La Commission Européenne se penche sur le développement du hyperloop, une technologie de transport révolutionnaire. Malgré des avancées notables, des défis subsistent avant que ce système à grande vitesse puisse devenir une réalité accessible. L’avenir des transports pourrait prendre un tournant inattendu, défiant ainsi les attentes actuelles.
La présidente de la Commission Européenne, Ursula von der Leyen, a confié à son nouveau commissaire aux transports, le Grec Apostolos Tzitzikostas, la mission de développer le hyperloop, une technologie de pointe. Néanmoins, un récent essai de ce système a montré quil reste encore beaucoup à accomplir avant qu’il devienne le futur mode de transport à grande vitesse.
Le hyperloop est un système innovant où une capsule est propulsée à travers un tube scellé et dépourvu d’air. Les capsules peuvent atteindre des vitesses supérieures à celles des avions, jusqu’à 700 kilomètres par heure, et sont considérées comme un système plus économe en énergie que les trains.
Ces caractéristiques sont possibles grâce à l’absence quasi totale de frottement, car la technologie repose sur un vide à l’intérieur du tube et des aimants permettant à la capsule de léviter.

Stratégie du Hyperloop
Apostolos Tzitzikostas devra proposer « une stratégie pour la promotion et le développement de technologies de pointe, comme le hyperloop », comme stipulé dans la lettre de mission de von der Leyen. Ce plan devra inclure un calendrier ainsi qu’une stratégie d’investissement.
Il est important de souligner que Hardt Hyperloop, l’entreprise la plus avancée dans le secteur, a récemment achevé son premier test réussi, avec la capsule parcourant 90 mètres dans un tube de 420 mètres à Veendam, aux Pays-Bas. Cette infrastructure fait partie du Programme de Développement Hyperloop (HDP), un partenariat public-privé financé par la Commission Européenne.

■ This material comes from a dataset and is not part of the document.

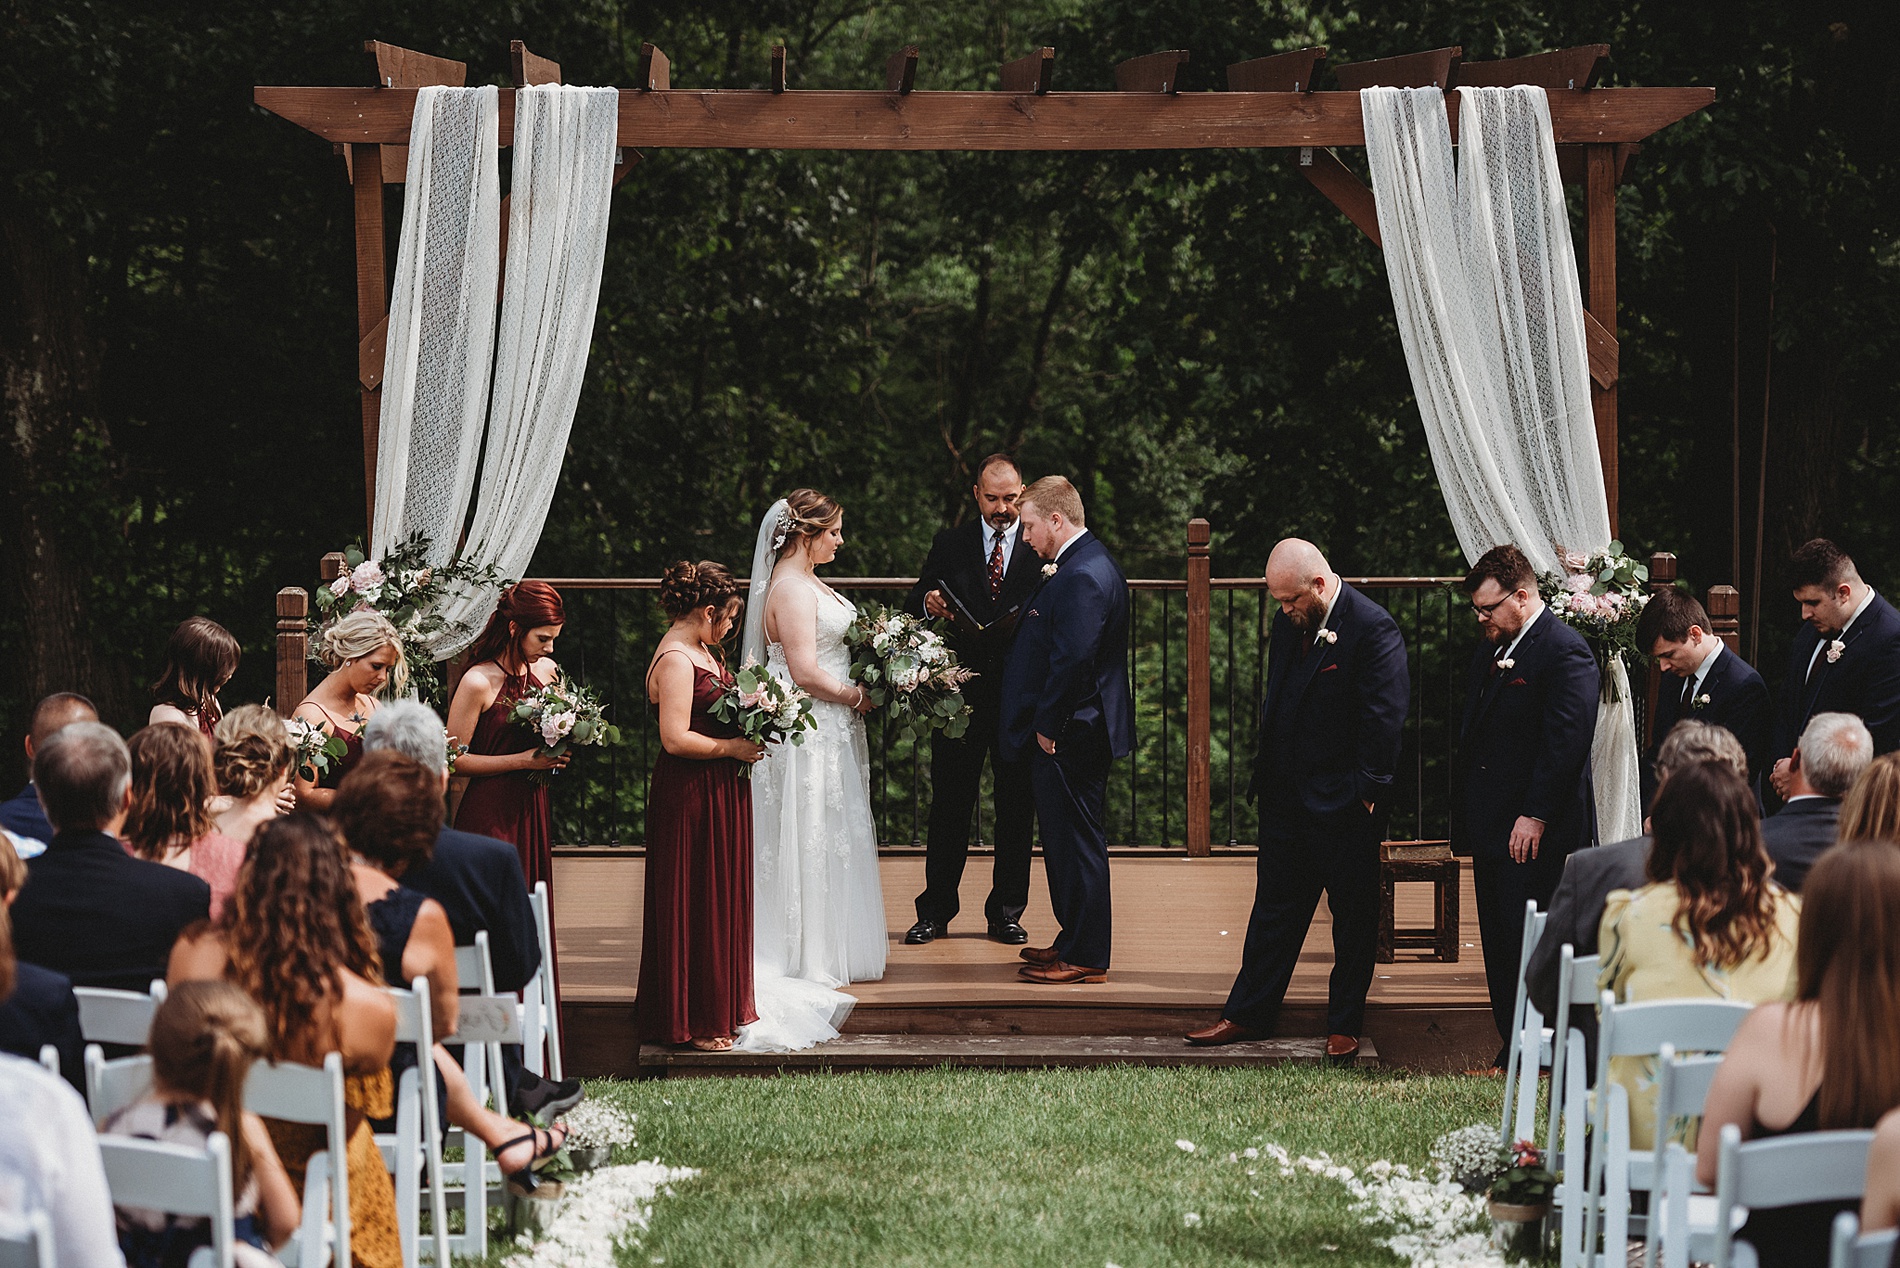 Outdoor wedding ceremony at century farms in Ohio  one of The Top 14 Barn Wedding Venues in Ohio

Bien que ce test représente une avancée significative, seuls des composants individuels de la technologie ont été testés. La vitesse du véhicule était inférieure à 30 kilomètres par heure, bien en dessous des vitesses projetées pour l’avenir.
D’autres tests, réalisés à Lausanne, ont pu atteindre des vitesses allant jusqu’à 100 kilomètres par heure. Le test à Veendam s’est déroulé dans des conditions atmosphériques normales, c’est-à-dire que le tube ne contenait pas de vide, ce qui est nécessaire pour que le hyperloop atteigne son potentiel maximal.

Le Hyperloop est-il l’avenir ?
D’après certains experts, la technologie du hyperloop sera certifiée et démontrée d’ici 2030. Elle promet d’être une solution rapide et économe en énergie, consommant dix fois moins d’énergie que les voitures ou les avions.
De plus, les coûts d’exploitation et d’investissement devraient être inférieurs à ceux du système ferroviaire.
Cependant, le développement d’un réseau de hyperloop nécessitera un investissement considérable, qui pourrait rivaliser avec les fonds destinés au secteur ferroviaire.
Toutefois, tous ne sont pas convaincus de la viabilité du hyperloop. Philip Amaral, directeur des politiques et développement de la Fédération Européenne de Cyclistes, a qualifié le hyperloop de « concept technologique mort”.
Malgré cela, des experts soutiennent que le hyperloop doit être envisagé comme une solution politique, et non comme de la science-fiction.